■ Try it:
Leave out every picture and set down, exactly, the lines below from the one holding "Pokémon Blast News" up to and including the one holding "Sarracenia leucophylla - white".

■ Study material:

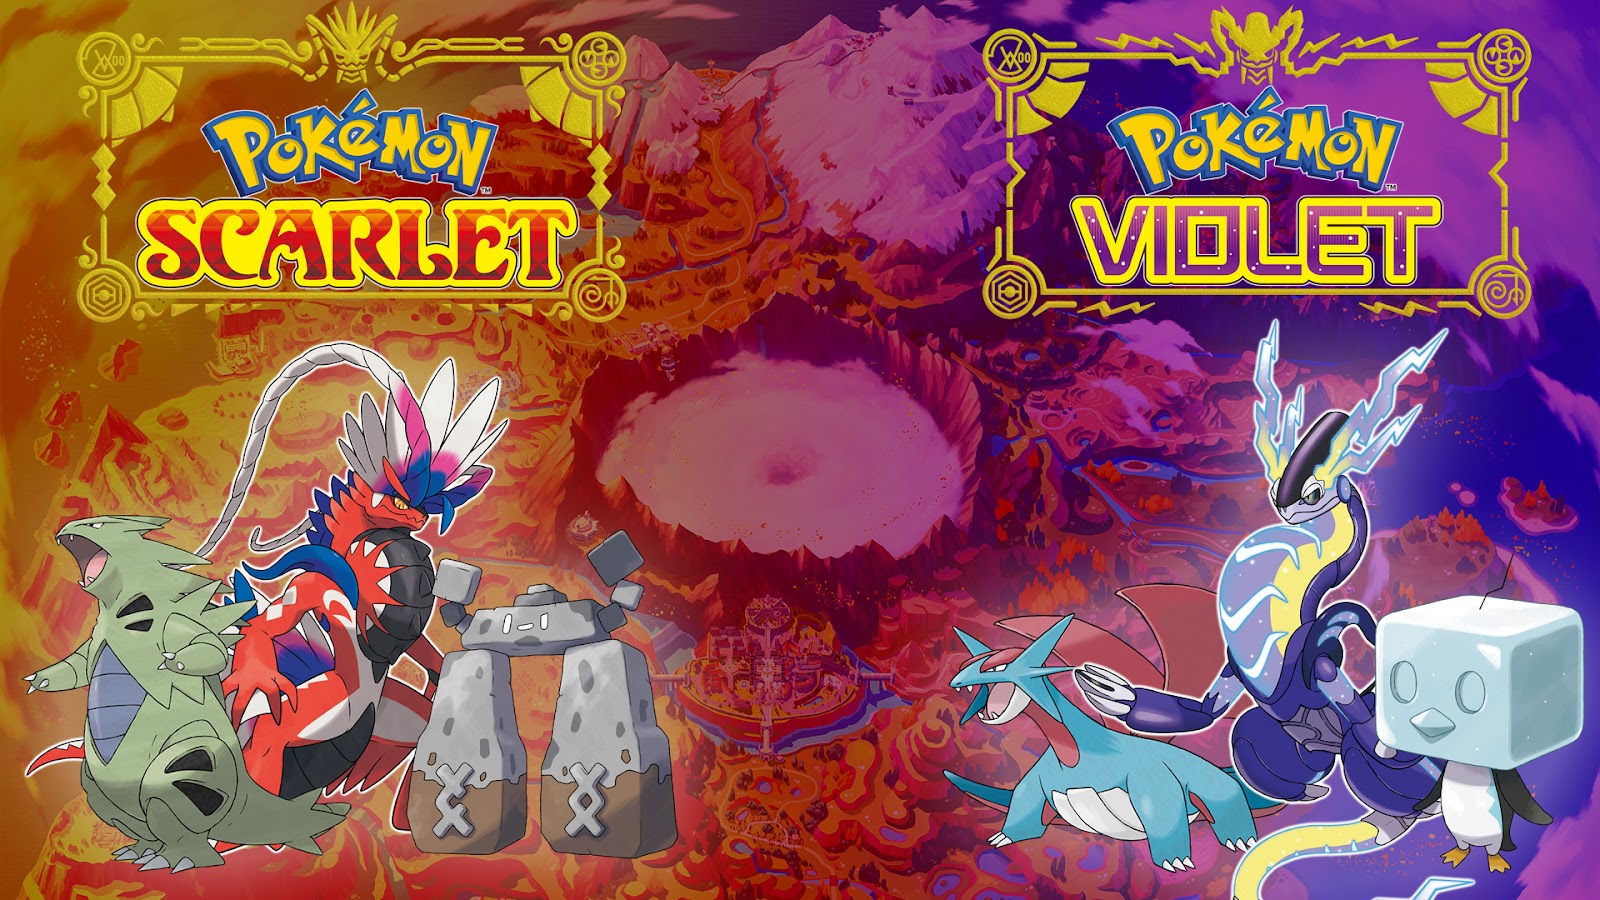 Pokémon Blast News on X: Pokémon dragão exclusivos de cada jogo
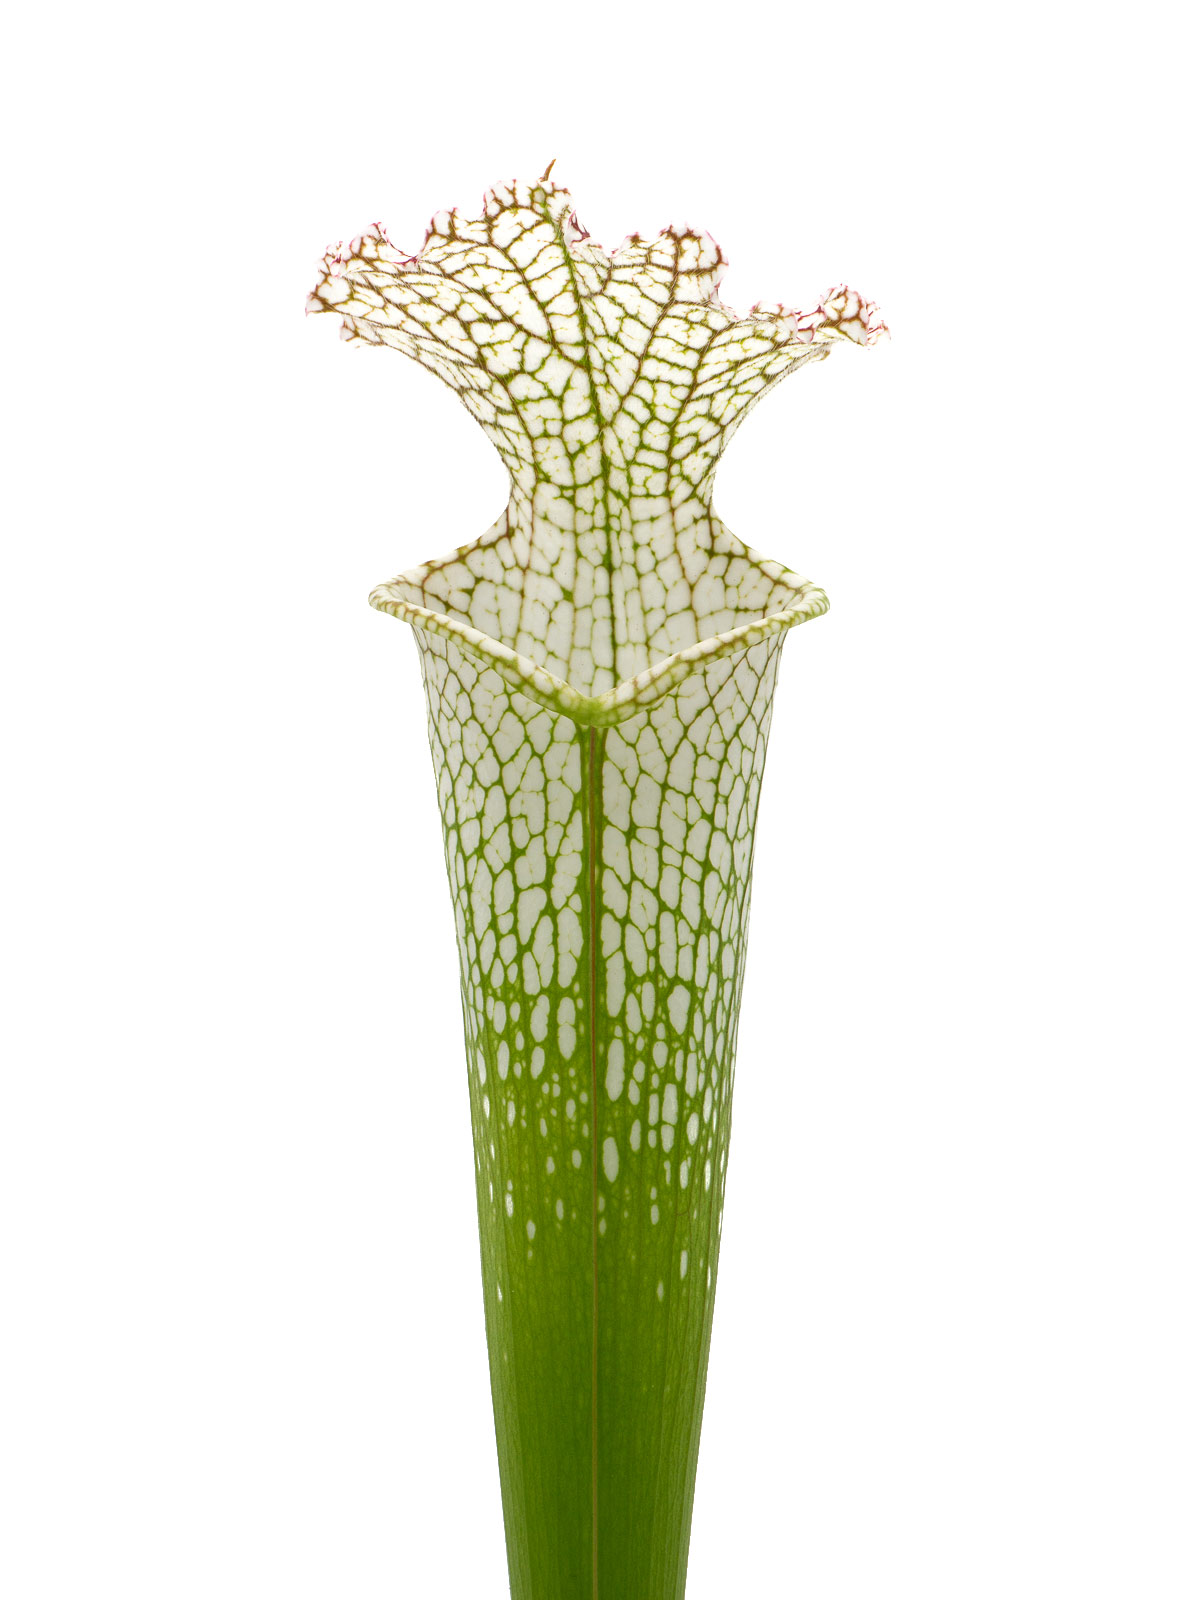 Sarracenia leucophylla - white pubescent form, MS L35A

* * *

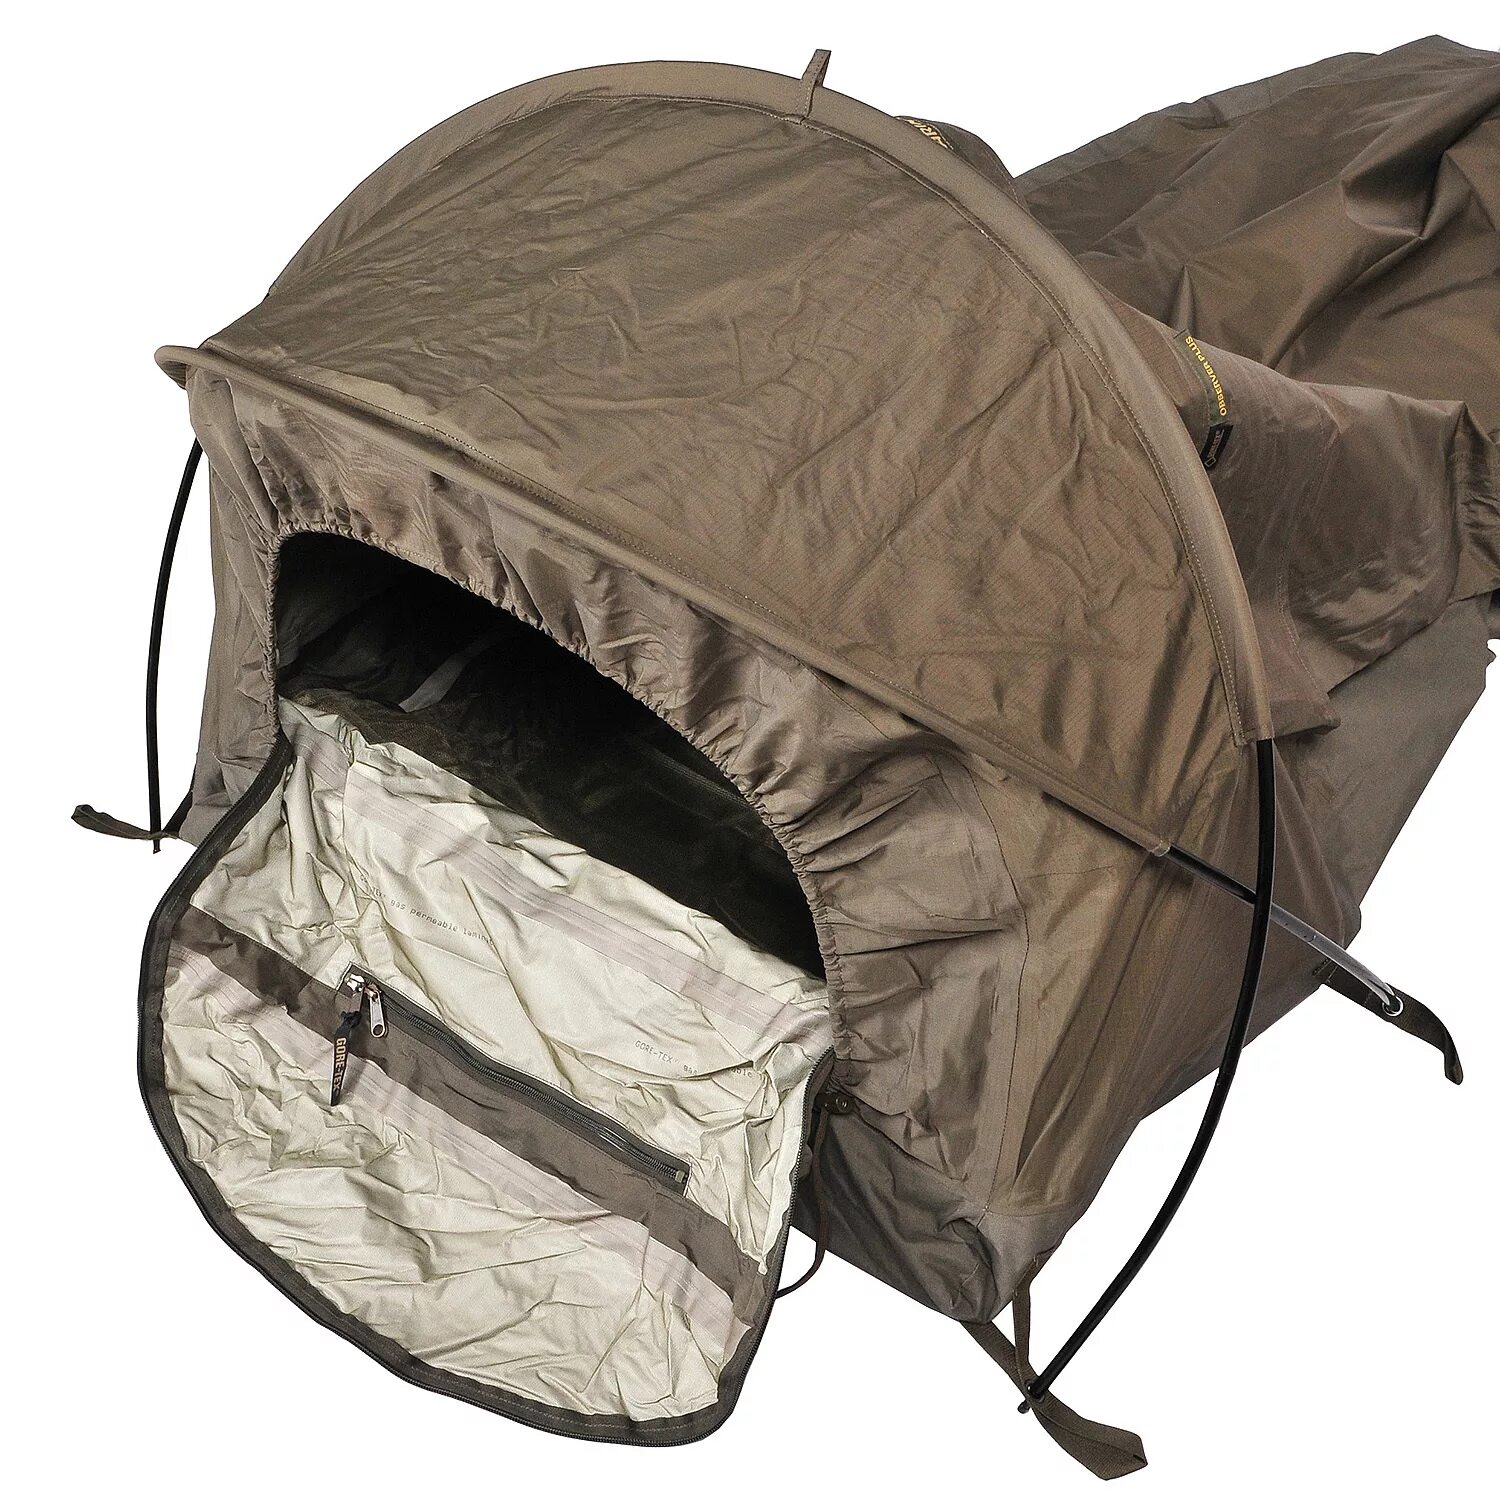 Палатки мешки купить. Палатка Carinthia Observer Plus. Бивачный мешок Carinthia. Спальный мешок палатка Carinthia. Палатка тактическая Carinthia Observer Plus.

■ Response for this exercise:
 Pokémon Blast News on X: Pokémon dragão exclusivos de cada jogo
 Sarracenia leucophylla - white pubescent form, MS L35A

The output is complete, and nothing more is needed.